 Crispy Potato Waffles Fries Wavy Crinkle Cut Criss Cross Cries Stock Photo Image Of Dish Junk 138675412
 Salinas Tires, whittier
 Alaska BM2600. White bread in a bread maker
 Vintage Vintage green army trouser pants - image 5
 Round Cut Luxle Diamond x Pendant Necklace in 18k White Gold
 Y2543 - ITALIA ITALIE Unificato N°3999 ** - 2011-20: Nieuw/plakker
==*==
● EXERCISE AIM
Your answer must be every line from the entries that contains the string "White", copied as it stands.

● RESULT OF THIS EXERCISE
 Alaska BM2600. White bread in a bread maker
 Round Cut Luxle Diamond x Pendant Necklace in 18k White Gold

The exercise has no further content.